In May 2019, when demand more than tripled for the British Army’s Operation ORBITAL training program for Ukrainian military at Dnipro, less than a three-hour drive from the Donbass conflict zone, the British team knew who to call: the Canadians. And Lieutenant Hunter says the Canadian surge team deployed in response didn’t disappoint.
Sergeant Phillippe Bernier of 12e Régiment blindé du Canada leads the team that includes Master Corporal Nicolas Boily, Corporal Patrick Paradis and Corporal Jonathan Michel, all of 3e Battalion, Royal 22e Régiment. “We all have experience in overseas combat and training missions including deployments to Afghanistan and Poland,” he notes of his team.

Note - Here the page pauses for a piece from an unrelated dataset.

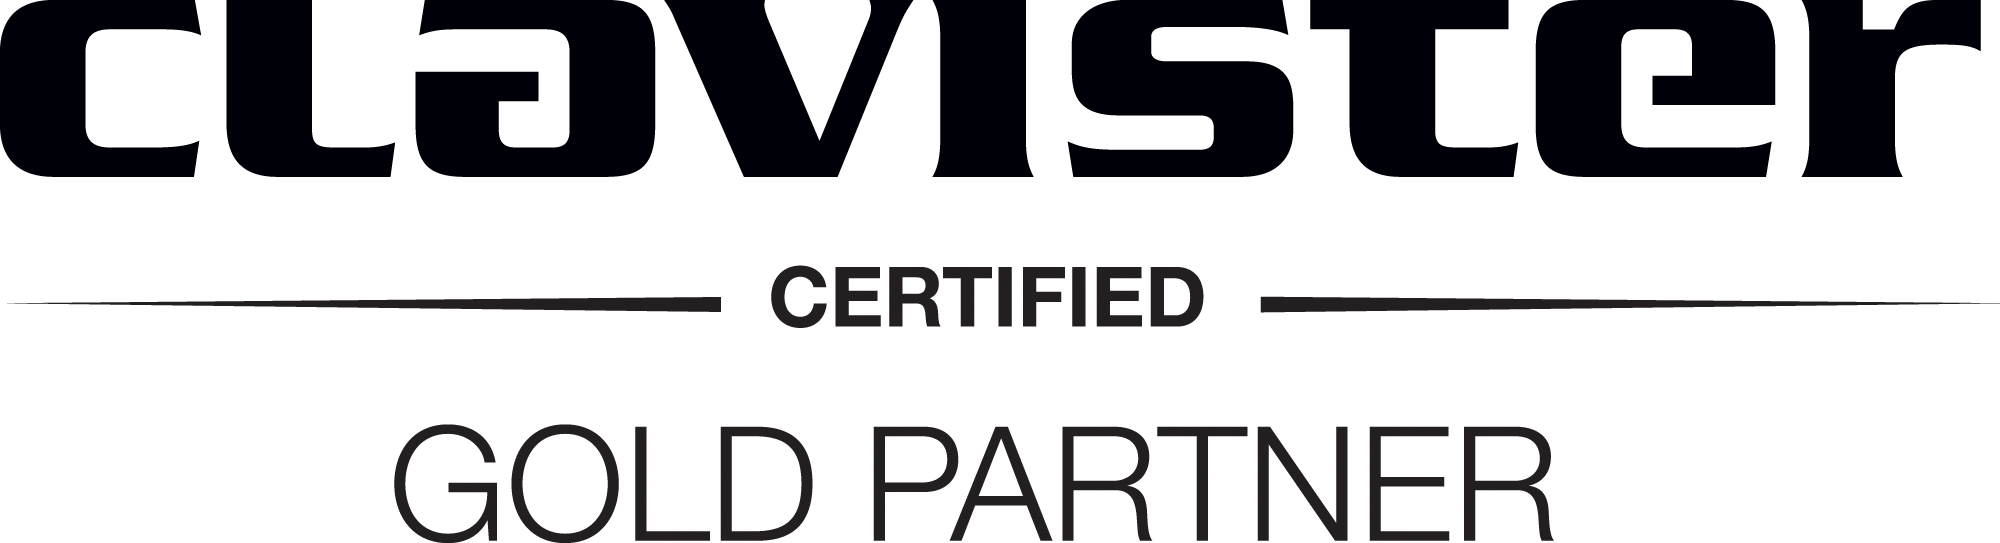 Clavister certified gold partner logo

The team is part of Operation UNIFIER. This is the Canadian Armed Forces (CAF) training mission supporting the Security Forces of Ukraine in collaboration with other international partners, including the United Kingdom.

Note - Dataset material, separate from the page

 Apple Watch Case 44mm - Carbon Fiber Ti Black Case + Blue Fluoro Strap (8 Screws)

In Dnipro, the Canadians are instructing under a British operation to Ukrainian personnel from different military elements. This is happening hundreds of kilometers away from the Canadian headquarters in Starychi. Throw in instructing with foreign weapons, the challenge of navigating thick Québécois and Cockney accents, and the need for French-Canadian soldiers to instruct in English, translated to Ukrainian, and you will have a good idea of the dynamics of the unique partnership between the Op ORBITAL and Op UNIFIER teams.

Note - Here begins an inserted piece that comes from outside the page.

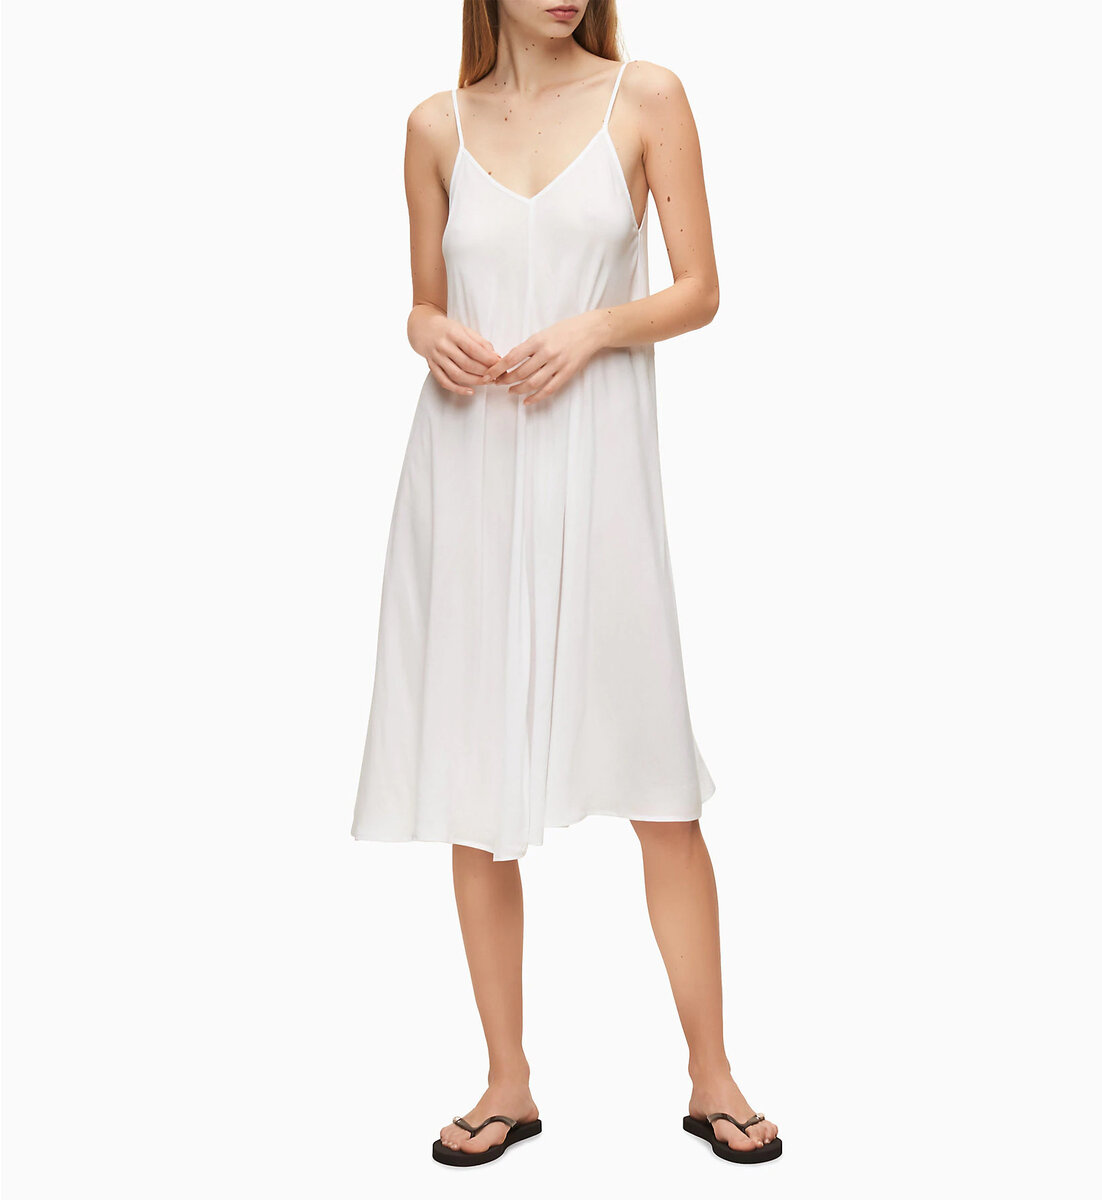 Dámské plážové šaty 7154 bílá - Calvin Klein, bílá M i10_P41455_1:5_2:91_

“Being close to the Donbass and seeing battle-hardened soldiers as our students, we have an even stronger sense of purpose,” observes Sergeant Bernier. “We are CAF ambassadors so for us it is also about rapport-building.”
The rapport-building has worked. One of the Ukrainian students, Senior Sergeant Oleksandr says “We find a kindred spirit in the Canadians. Just their bearing shows that they are professionals with combat experience. What they teach is very practical and for those of us who know combat, we know it is relevant. We speak the same language as warriors.”
Lieutenant Hunter is similarly full of praise for the Canadians. “It was great to have the extra support,” he says, “and even better to have the Canadians because of the similarities in tactics and even jokes. It was just like having extra British troops. And the level of their instructional capability is of a high standard.”
“It helps that the Canadians are proficient with some of the weapon systems used in Ukraine,” Lieutenant Hunter notes. “And we learned from each other: I’ve improved my French and they’ve improved their English.”
This resonates with Sergeant Bernier and his team. “Working with Op ORBITAL broadens our scope and the British are very welcoming,” he says. “We will welcome more teamwork opportunities with Op ORBITAL.”